What the exercise asks: Would you repeat the listing below exactly, with no pictures in it?

Supplied information:

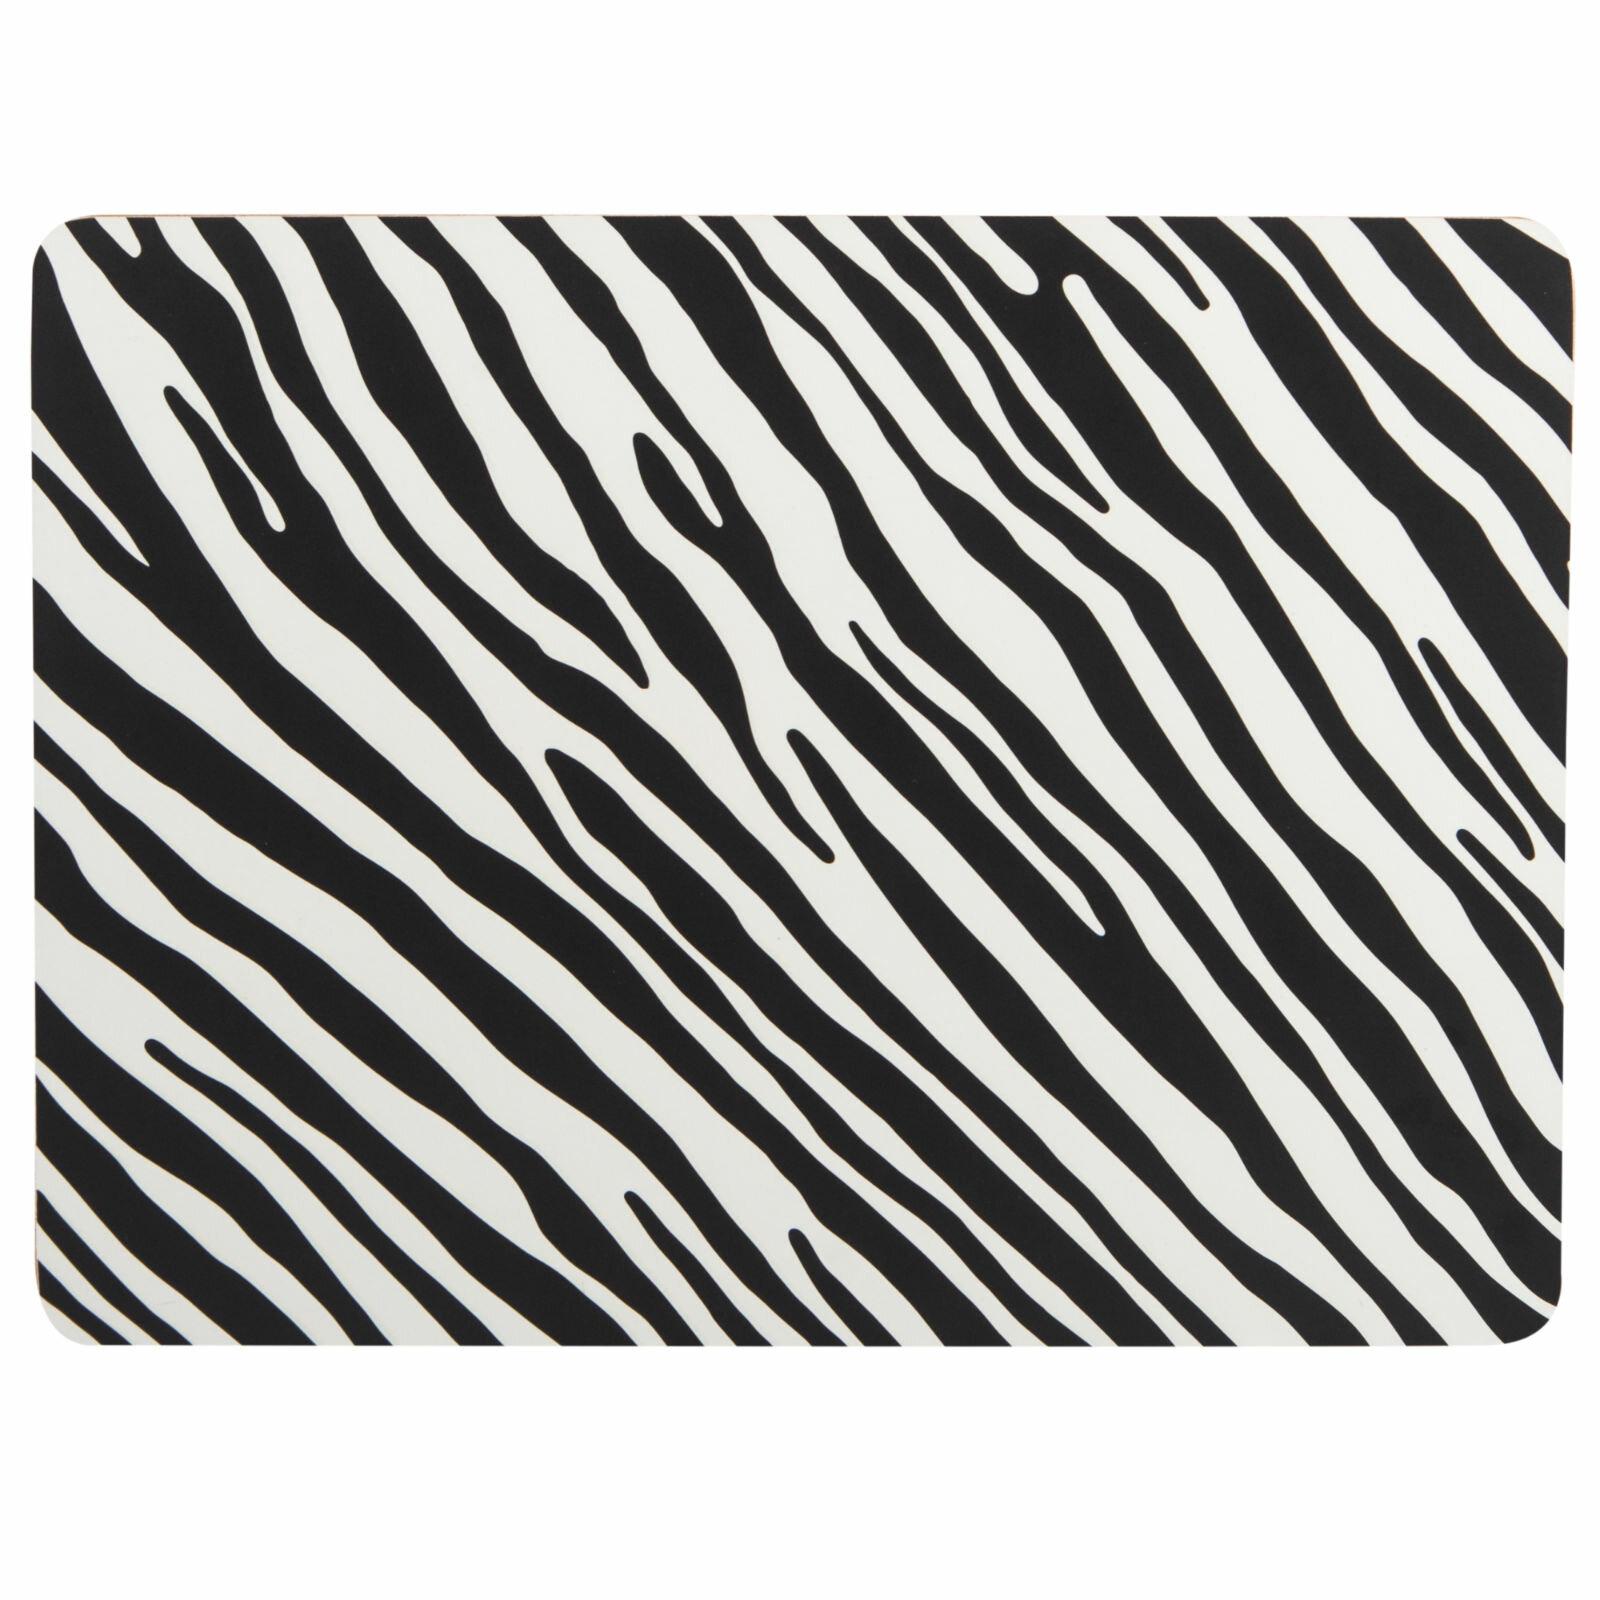 Summerhouse Madagascar Placemats Zebra Stripe Set Of 4 Wayfair Co Uk
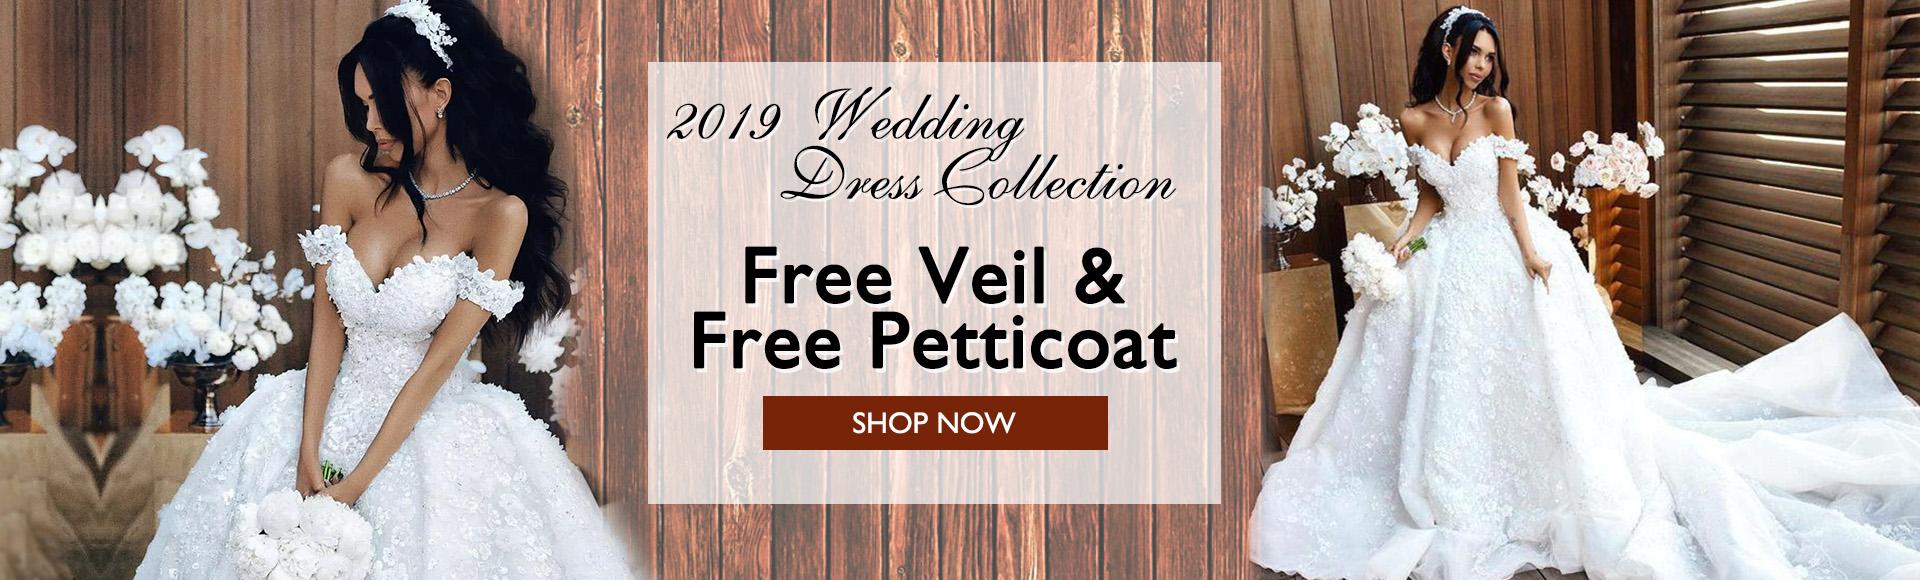 wedding dress-PC
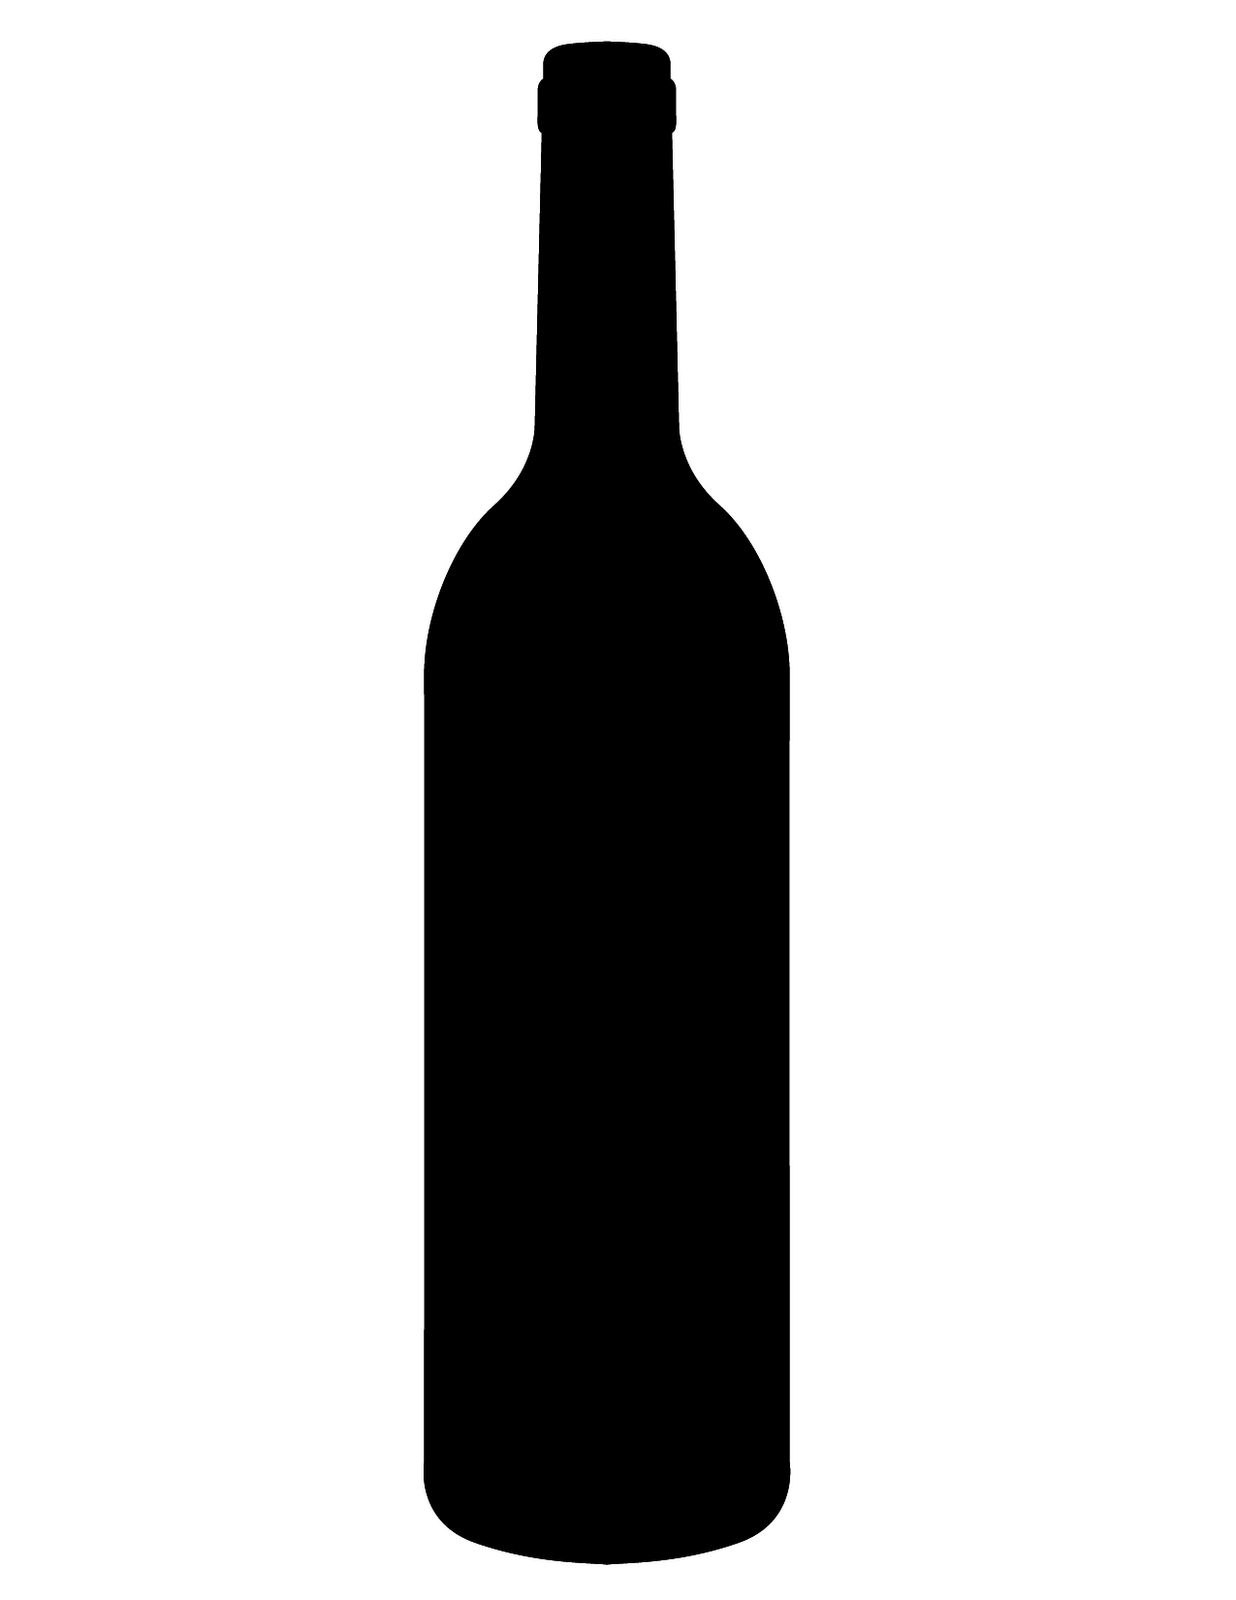 $40 Bottle (Vision Loss Alliance)
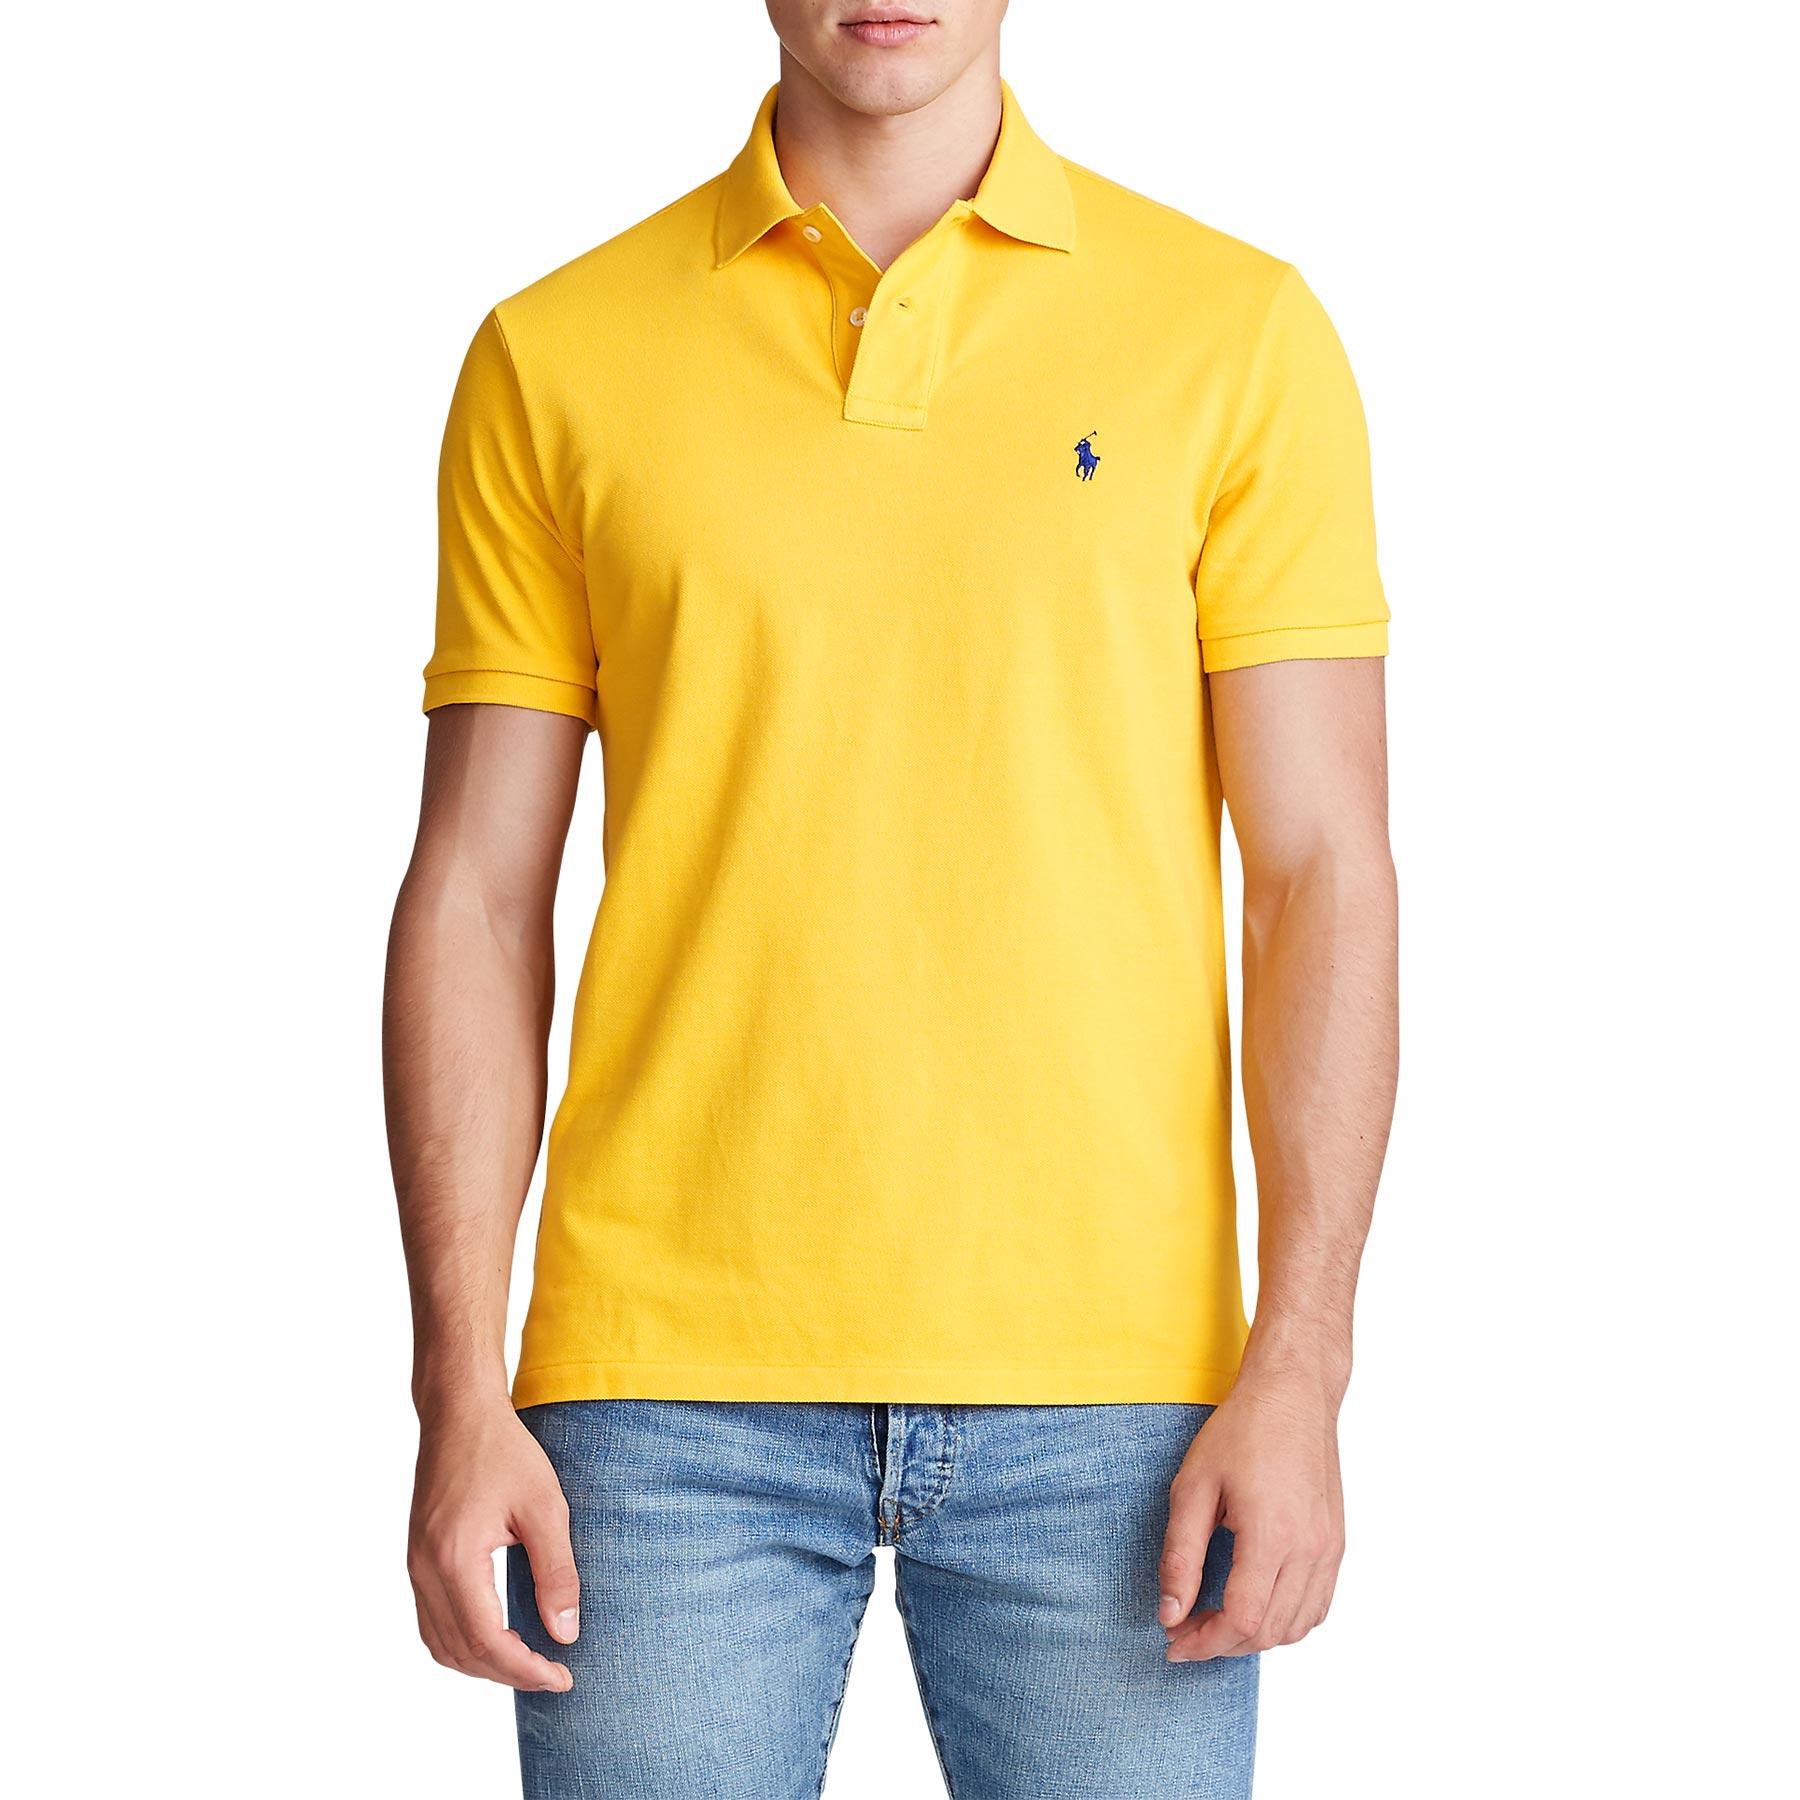 Polo Ralph Lauren Classic Fit Mesh Men's Polo Shirt - Slicker ...

Answer to this problem:
 Summerhouse Madagascar Placemats Zebra Stripe Set Of 4 Wayfair Co Uk
 wedding dress-PC
 $40 Bottle (Vision Loss Alliance)
 Polo Ralph Lauren Classic Fit Mesh Men's Polo Shirt - Slicker ...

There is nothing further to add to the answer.